The mice were given doxycycline water from the age of 3 wk until sacrifice at 8 wk. Six animals in both groups were studied. Lung volumes as measured by fluid displacement were significantly higher in bitransgenic mice.

. Lung volumes and lung volume/body weight ratios were significantly increased in bitransgenic mice after 5 wk of doxycycline administration (Table 2).

IL-1β Caused Pulmonary Inflammation, Elastin Degradation, and Collagen Deposition

To study the effects of IL-1 on lung histology, bitransgenic mice (line K) and littermate (wild-type or CCSP-rtTA single transgenic) controls were provided doxycycline water or regular water from 3 wk of age until killing at the age of 8 wk. Increased numbers of inflammatory cells were observed in the alveoli and parenchyma of lungs from bitransgenic mice given doxycycline (Figure 2)

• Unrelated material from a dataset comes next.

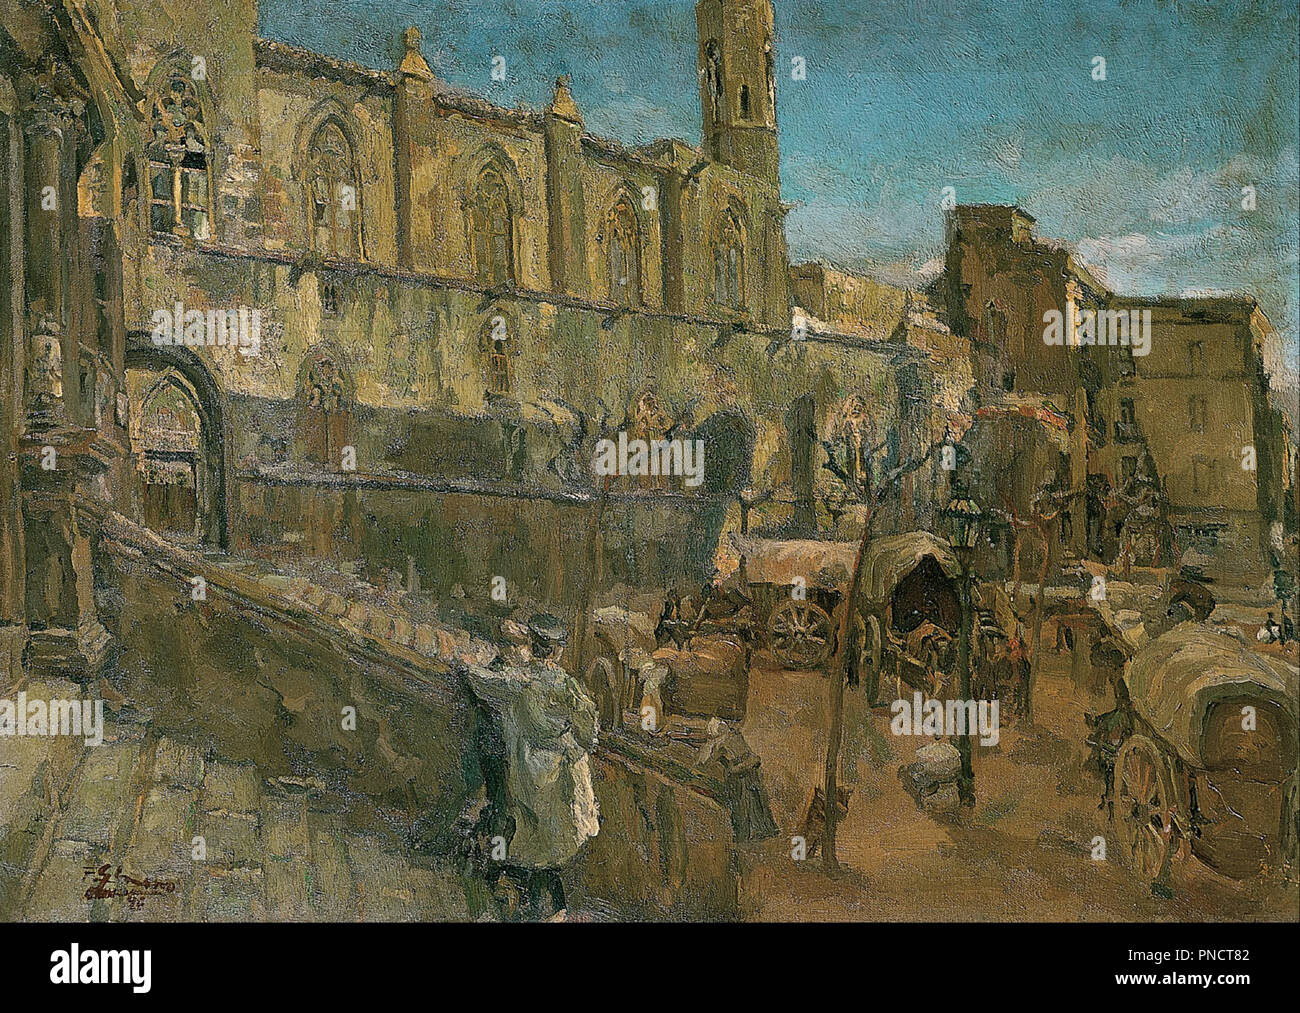 Plaza del Rey. Date/Period: 1896. Painting. Oil on canvas. Height: 500 mm (19.68 in); Width: 690 mm (27.16 in). Author: Francesc Gimeno. GIMENO, FRANCISCO. Stock Photo
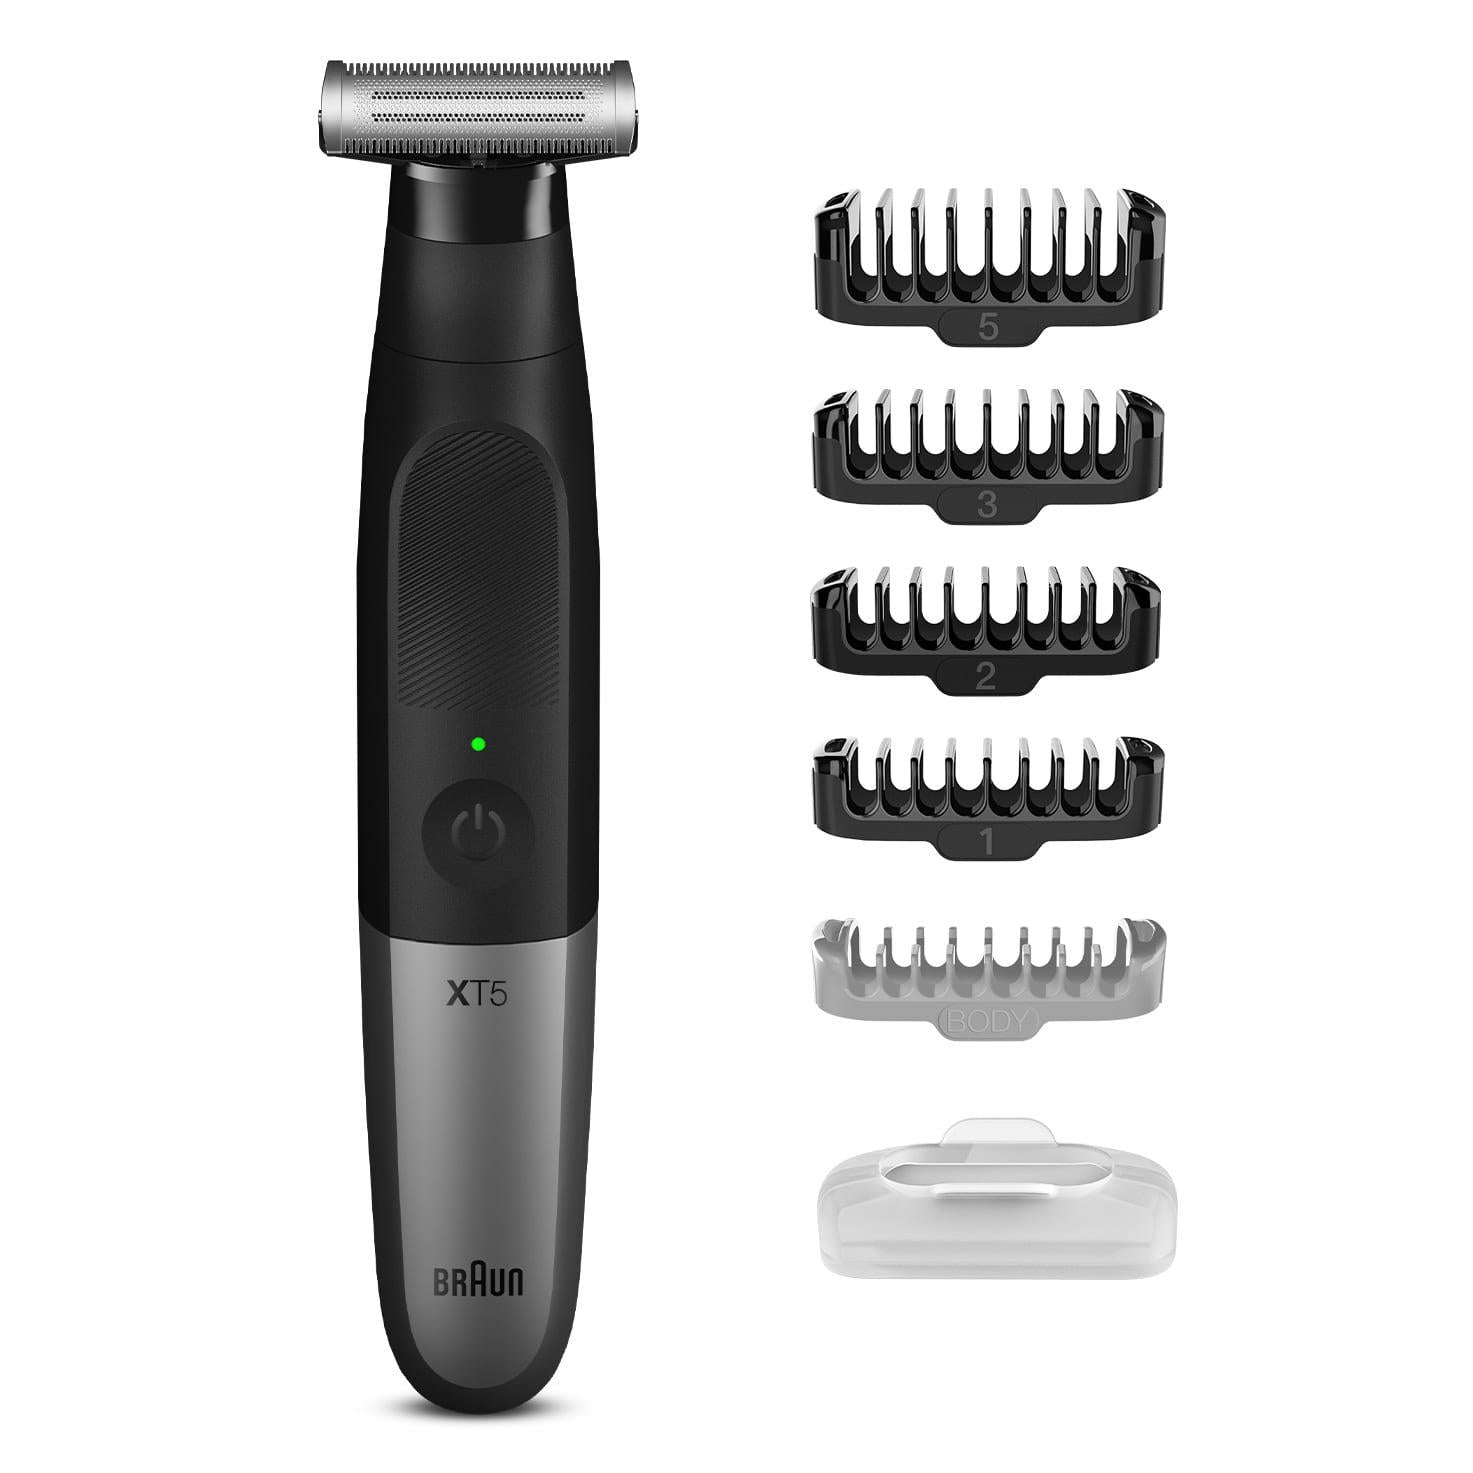 Braun Series X XT5100 Wet & Dry all-in-one tool with 5 attachments, black / silver - Healthxpress.ie

. The alveoli in the lungs of the control mice were normal in size and appearance. In contrast, severe distal airspace enlargement was seen in bitransgenic mice given doxycycline. The mean alveolar cord length, 61.6 ± 4.7 μm in IL-1β–expressing mice, was significantly larger than the chord length in lungs from control animals, 36.6 ± 3.5 μm (Figure 2). Lung histology in bitransgenic mice that were not given doxycycline appeared normal, and the cord length was similar to that of control mice (35.6 ± 2.8 μm versus 34.3 ± 3.9 μm in bitransgenic mice that had not received doxycycline and in control mice, respectively), demonstrating that airspace enlargement did not develop in bitransgenic mice in the absence of doxycycline.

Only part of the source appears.